I also suggest that the chamfer is better than the sectioned spray tube for another reason (even though both have their openings facing the downstream low pressure side) because for the moderately chamfered tube all of the area through which the fuel can flow out of the spray tube is in the turbulent, high speed air flow - with resulting excellent mixing. For the sectioned spray tube which is machined right down to the wall (floor) of the inlet duct on the low pressure side, the air flow at the wall is going to be slow by comparison, and only a proportion of the spray tube opening is in the turbulent, non-wall air flow - resulting in much poorer fuel/air mixing.

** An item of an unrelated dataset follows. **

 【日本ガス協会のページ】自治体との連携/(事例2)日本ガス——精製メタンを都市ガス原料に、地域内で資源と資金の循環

On needle jets the difference in construction between types 105 and 106 is enormous - they are so completely different that it is difficult to believe that they are designed to do similar jobs. 105 has a relatively small internal diameter at its upper end, compared with 106 which has a much greater internal diameter and 2 small holes drilled opposite each other on the hexagonal machined part - obviously some secondary atomisation device, because they are in line with the middle of the small air intake (next to the pilot jet air intake). The two that I have here are different by about 0.25", the shorter one having 3 i.d. rings and the longer one 2 i.d. rings although they both have 3 needle position rings. The longer one lives with the 106 needle jet.

It has been suggested that the longer needle should be used with the sectioned spray tube, but I don' t see any logical reason at all for this (unless it is possible for the shorter needle to 'pop out' of the sectioned spray tube where the material has been removed, which would be nasty!) I'm not really sure why the longer needle should live with the 106 jet, either.

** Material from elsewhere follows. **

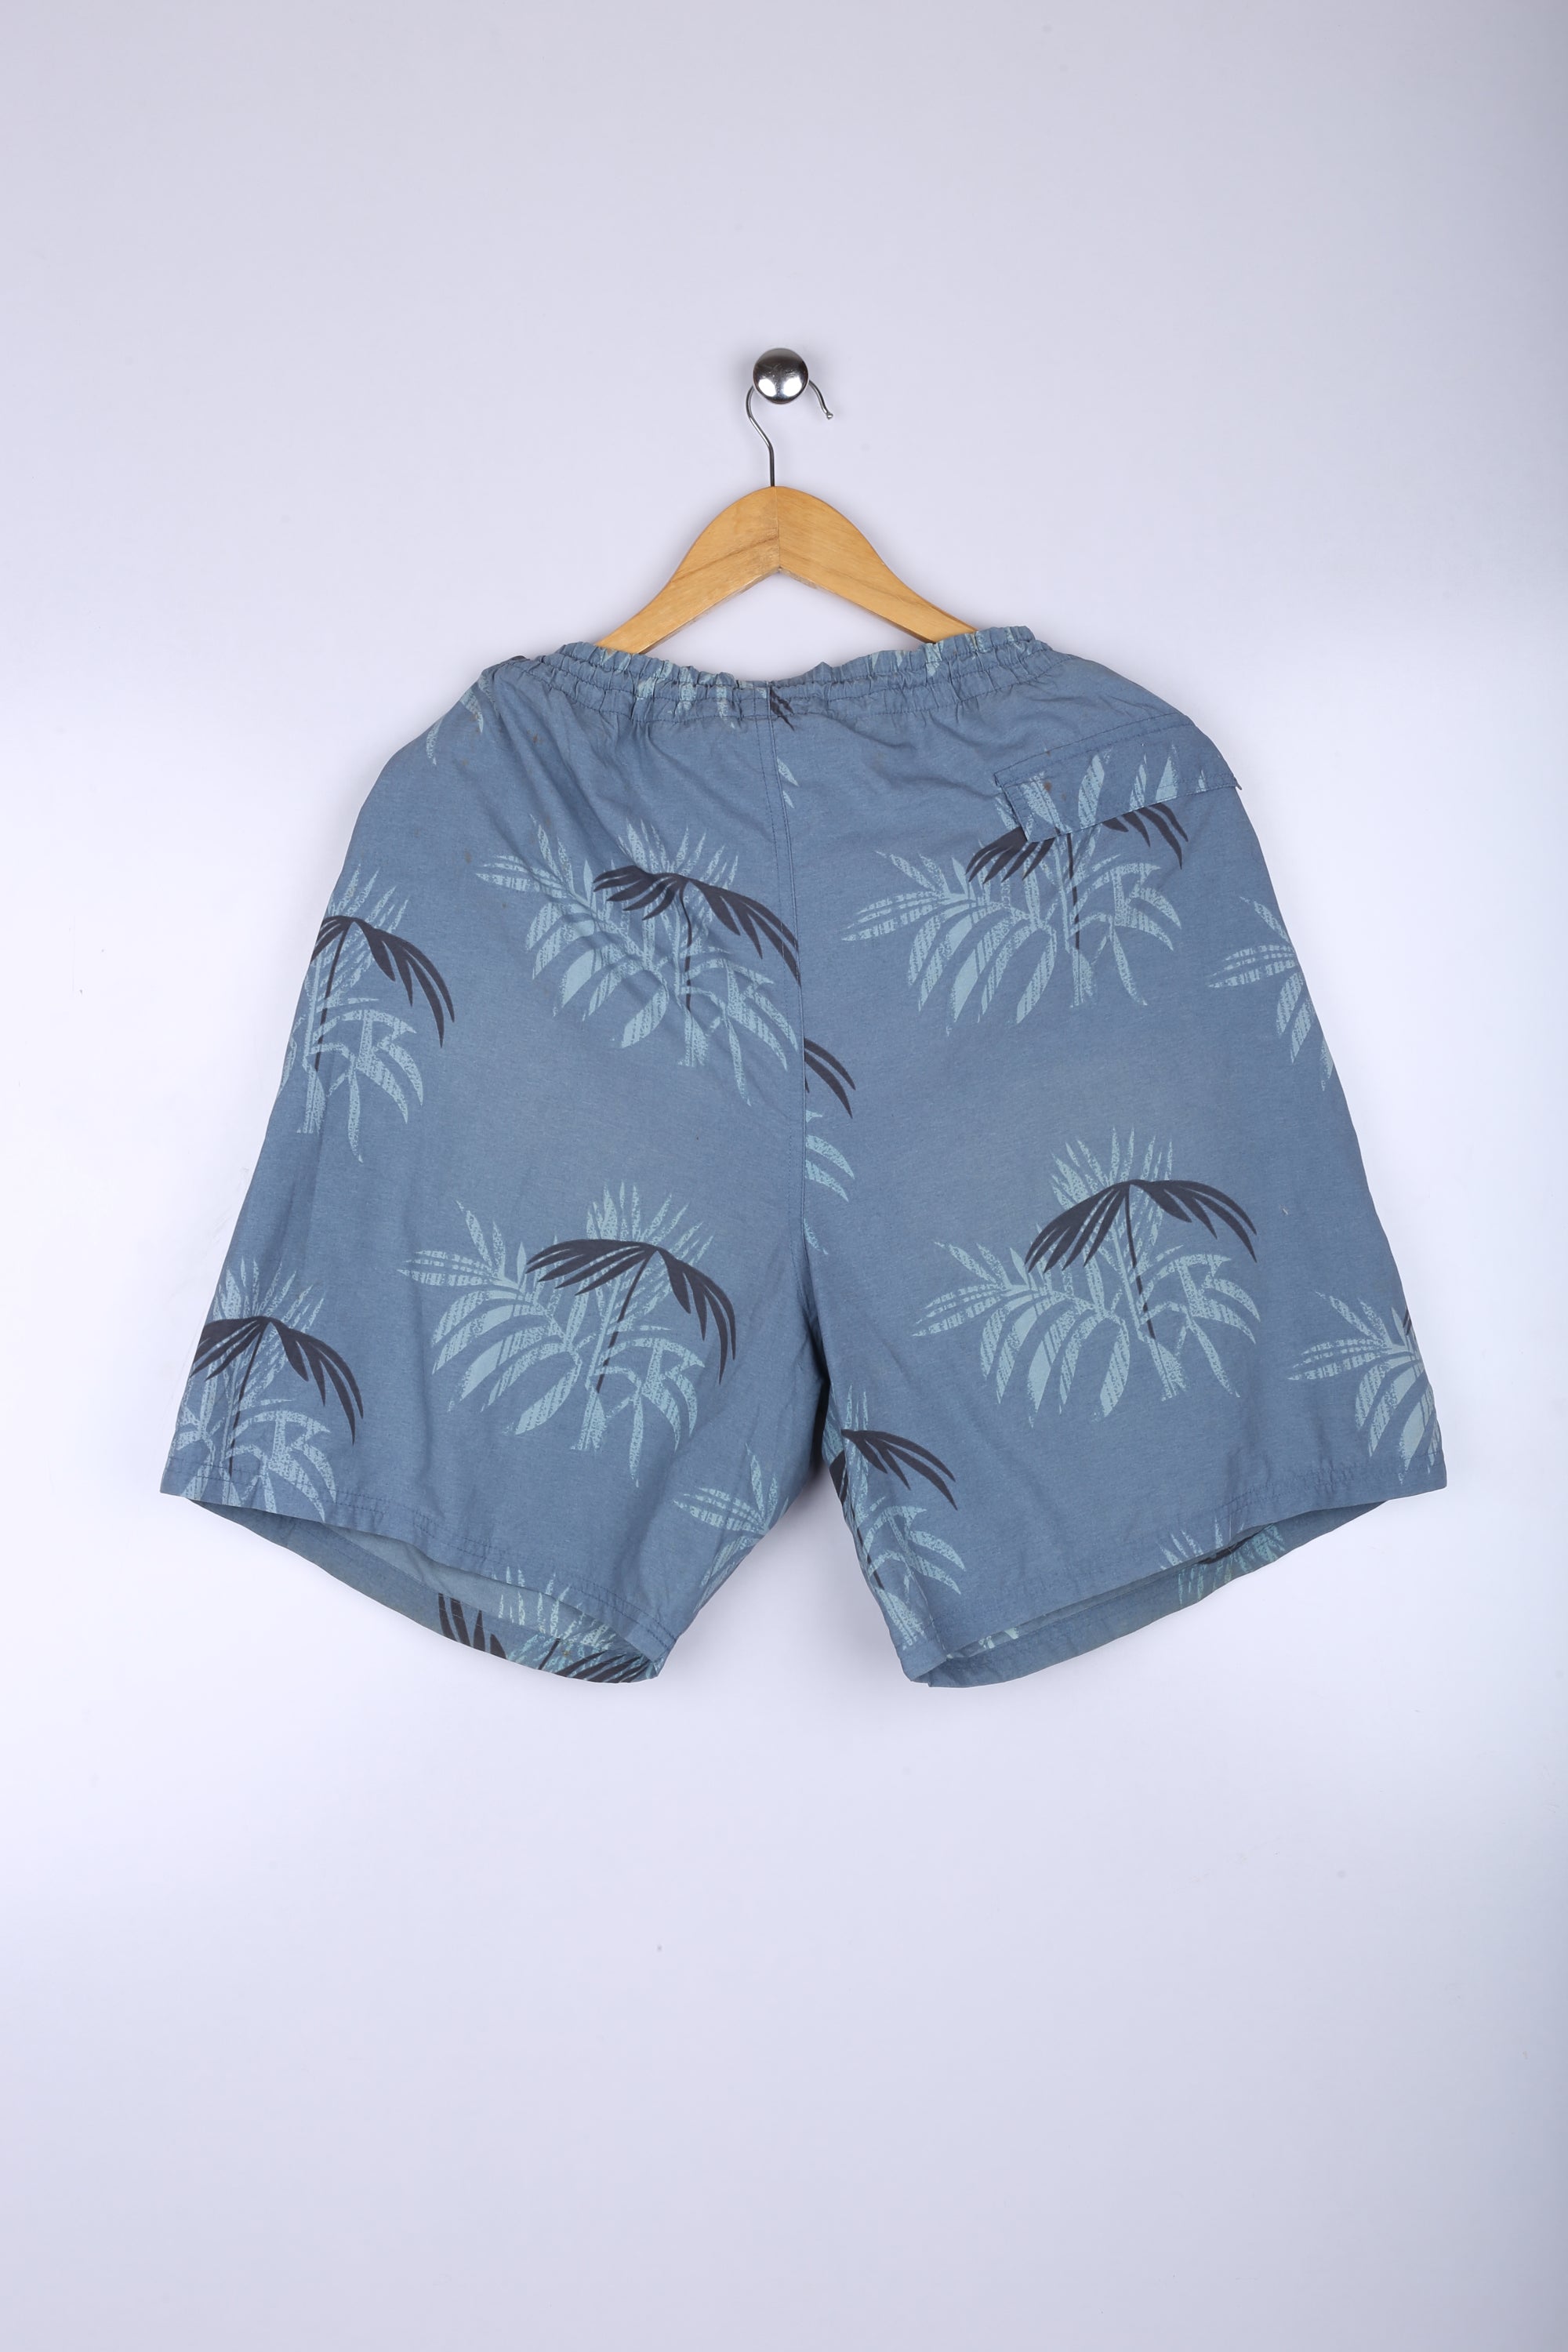 Vintage Hawaiin Shorts Blue
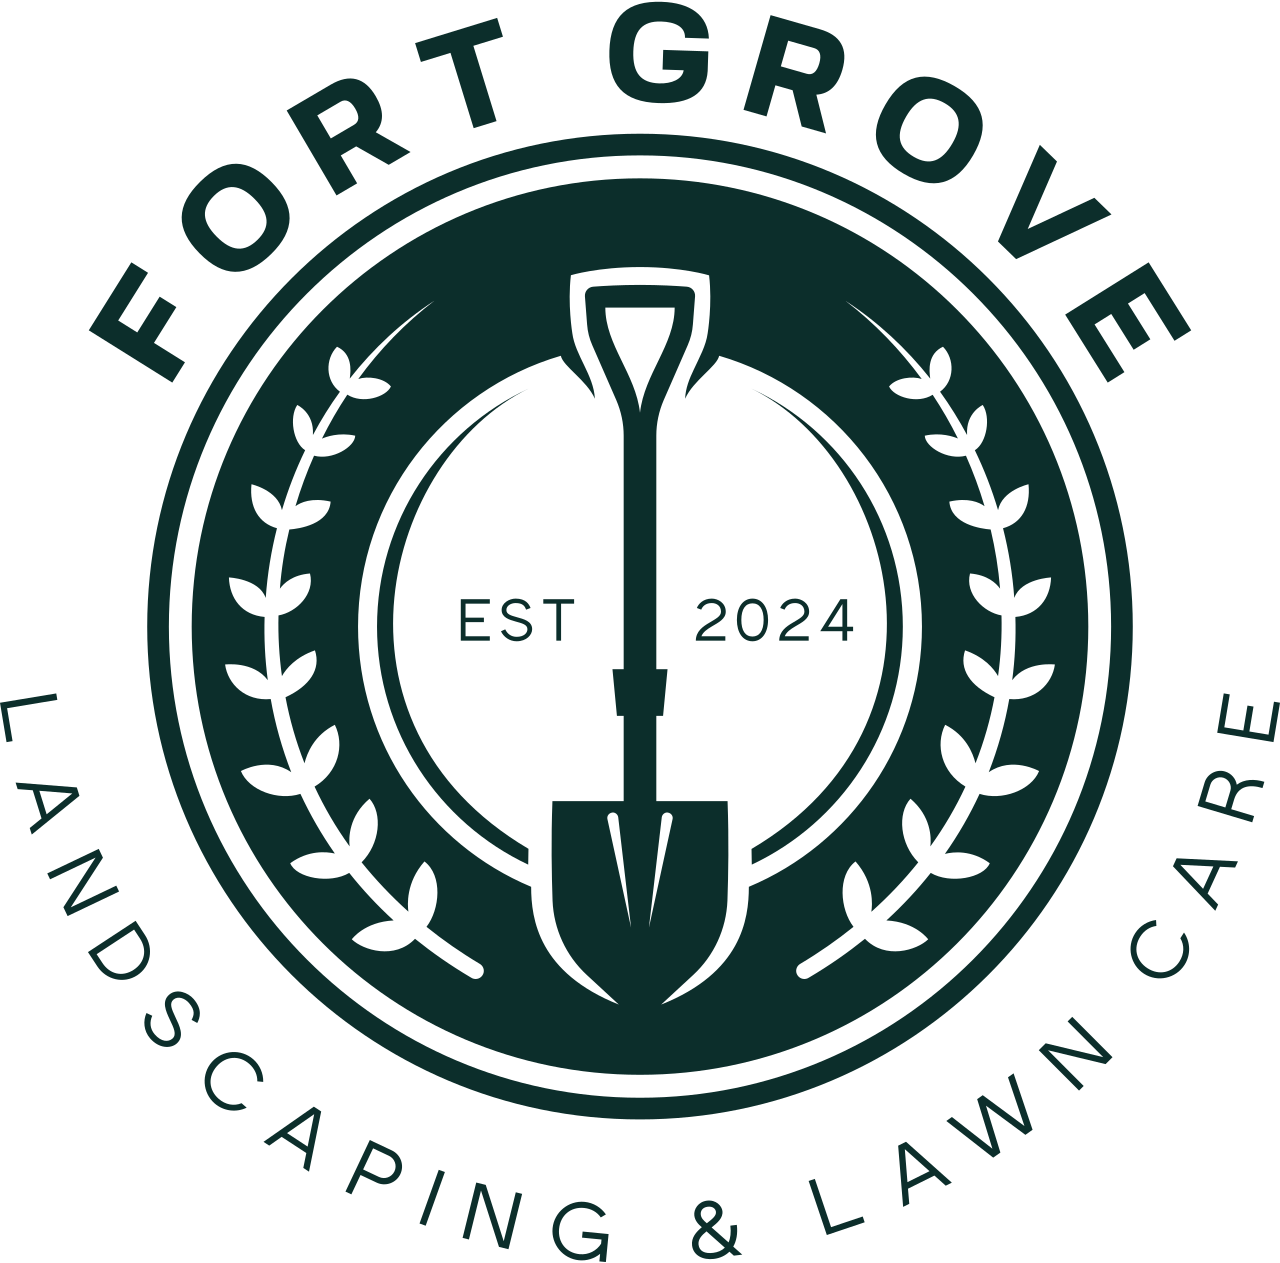 FORT GROVE's logo

I am aware that I haven't provided any answers at all. So, is there anywhere a definitive reference for the setting up and tuning of Amal carbs which addresses all the issues and all the configurations?? I use both my Mk.lls type 932 (singly, of course - its a single carburettor 99), one with a 105 needle jet and the other with 106 and I've tried different needle lengths in both, and also combinations of 230 and 240 main jets. I can get either carburettor to work well, so that I can't really tell huge differences between them on my re-worked but not too heavily tuned engine. However, on balance, my best 932 combination is 230 main, 106 needle jet, 2 ring long needle, chamfered spray tube, 3½ slide and for what its worth, a 25 pilot jet, with the tiny starting circuit hole and its by-pass hole kept scrupulously free from blockages.

Paul Preece (p.e.preece@swansea.ac.uk) on NOC-L 20th. Feb 1998

 


Experience with uncut spray tubes

I can tell you my experience with the full, un-cut spray tube. Years ago I bought two new 932 Amal carburettors for my 1974 850 Roadster to replace the originals. I noticed the full spray tube of the new ones versus the cut-away on the originals, but I installed them the way they were. Boy, what a huge flat spot on partial throttle openings! And full throttle power wasn't that great either, and this was using all of the original jetting and slides.

Not knowing how to remove the spray tubes, I bought one of those small sanding drums you put on the end of your electric drill and carefully cut away the downstream side of the tube (the side facing the engine). The carburettors then performed as well as the originals, and soon began sticking like them too, at which point I installed dual 34mm Mikunis and never looked back.

Bill Larson (william_larson@aar.com) on NOC-L 25th. Feb 1998

 


Purpose of the 2 small holes in the carburettor needle jets

I thought the 2 holes in the needle jets were to provide a type of accelerator pump effect, as was supposed to be a feature of the earlier Amal Monobloc carburettor. The action was, I think, that under small, steady throttle openings, fuel would tend to flow out of these holes and form a small pool of petrol that would be immediately available upon sudden large throttle openings. Perhaps the holes do both this job and pre-atomise the fuel as well.